• _About this exercise_
Every line below needs to be printed again exactly, without any of its pictures.
Provided material Start Marker
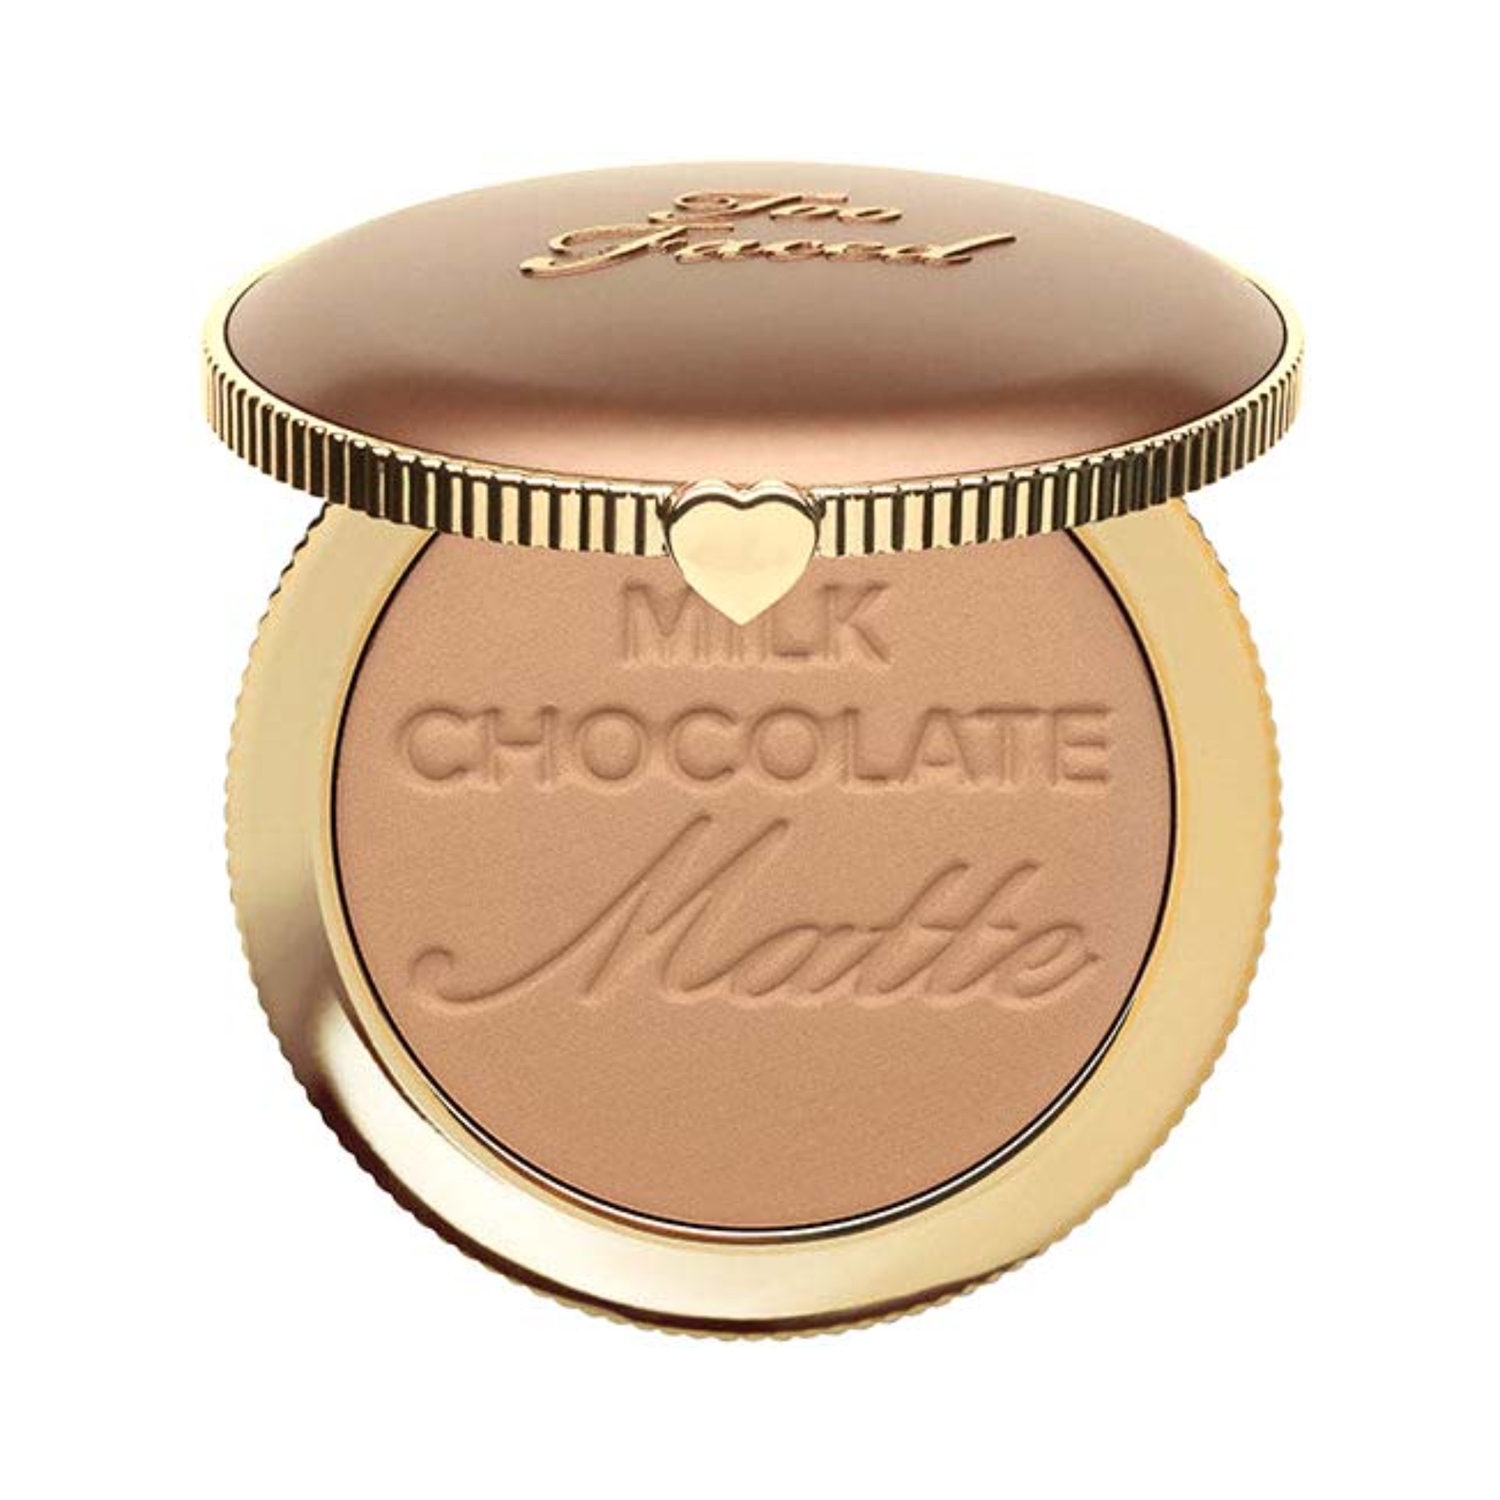 Too Faced | Too Faced Chocolate Soleil Natural Chocolate Bronzer - Caramel Cocoa (9g)
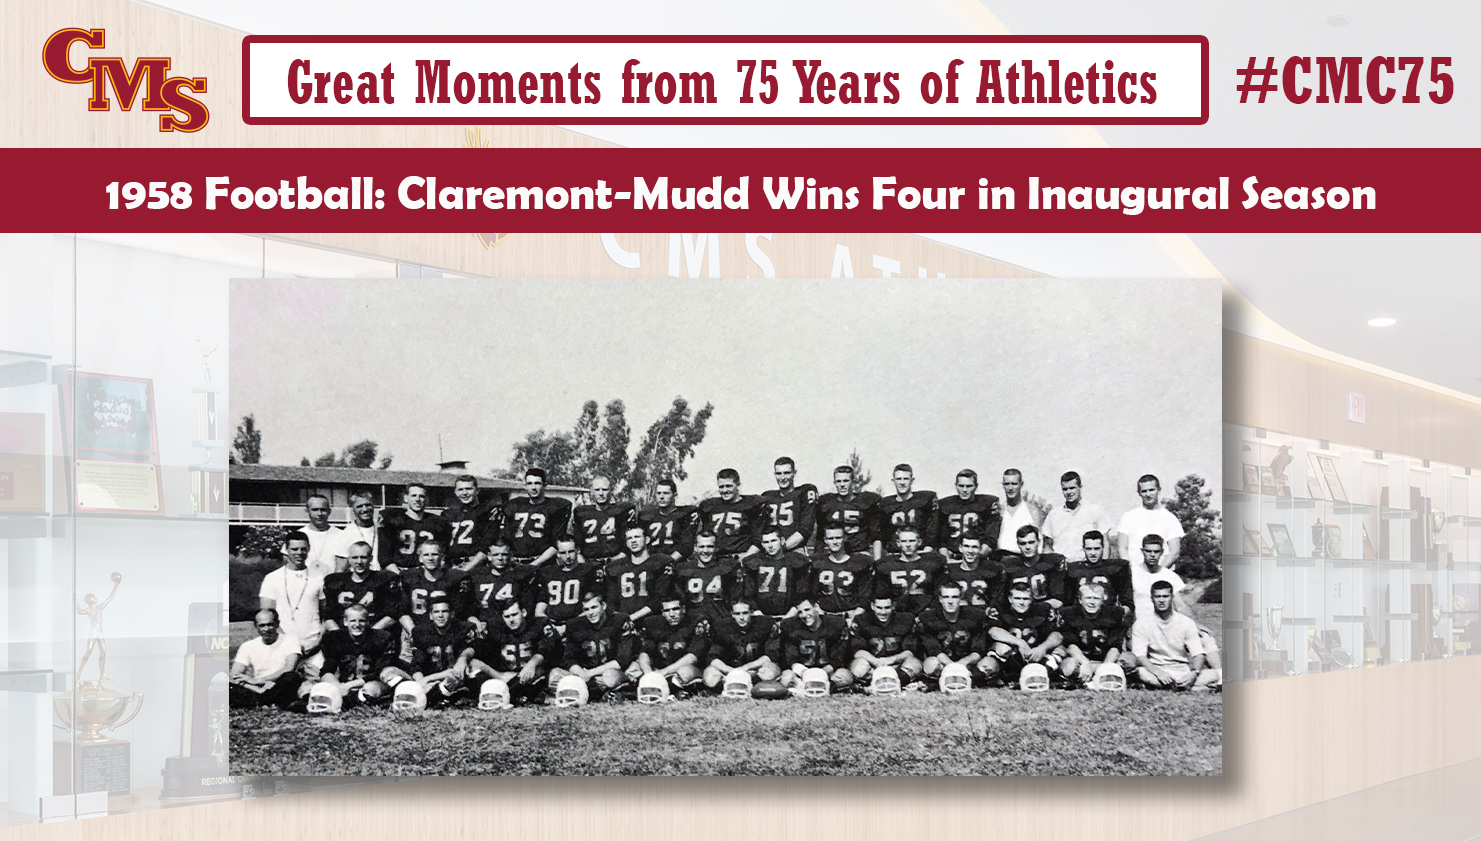 A team shot from the 1958 Claremont-Mudd Football Team. Words over the photo read: Great Moments from 75 Years of Athletics: 1958 Football: Claremont-Mudd Football Wins Four in Inaugural Season
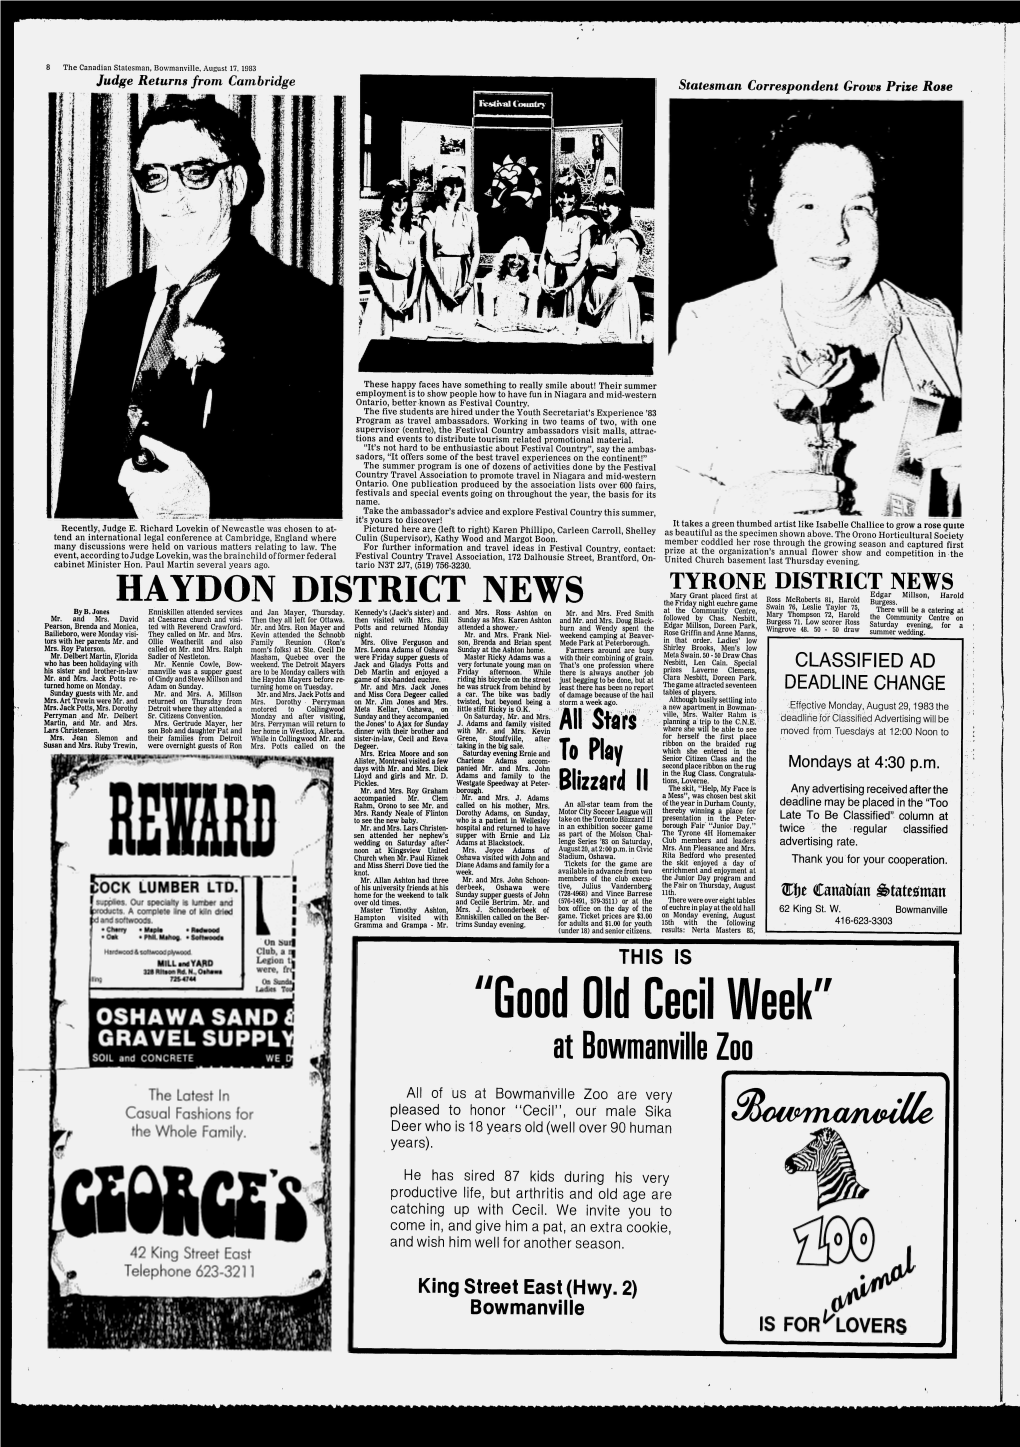 HAYDON DISTRICT NEWS at Bowmanville
Provided material End Marker
• _Answer space_
 Too Faced | Too Faced Chocolate Soleil Natural Chocolate Bronzer - Caramel Cocoa (9g)
 A team shot from the 1958 Claremont-Mudd Football Team. Words over the photo read: Great Moments from 75 Years of Athletics: 1958 Football: Claremont-Mudd Football Wins Four in Inaugural Season
 HAYDON DISTRICT NEWS at Bowmanville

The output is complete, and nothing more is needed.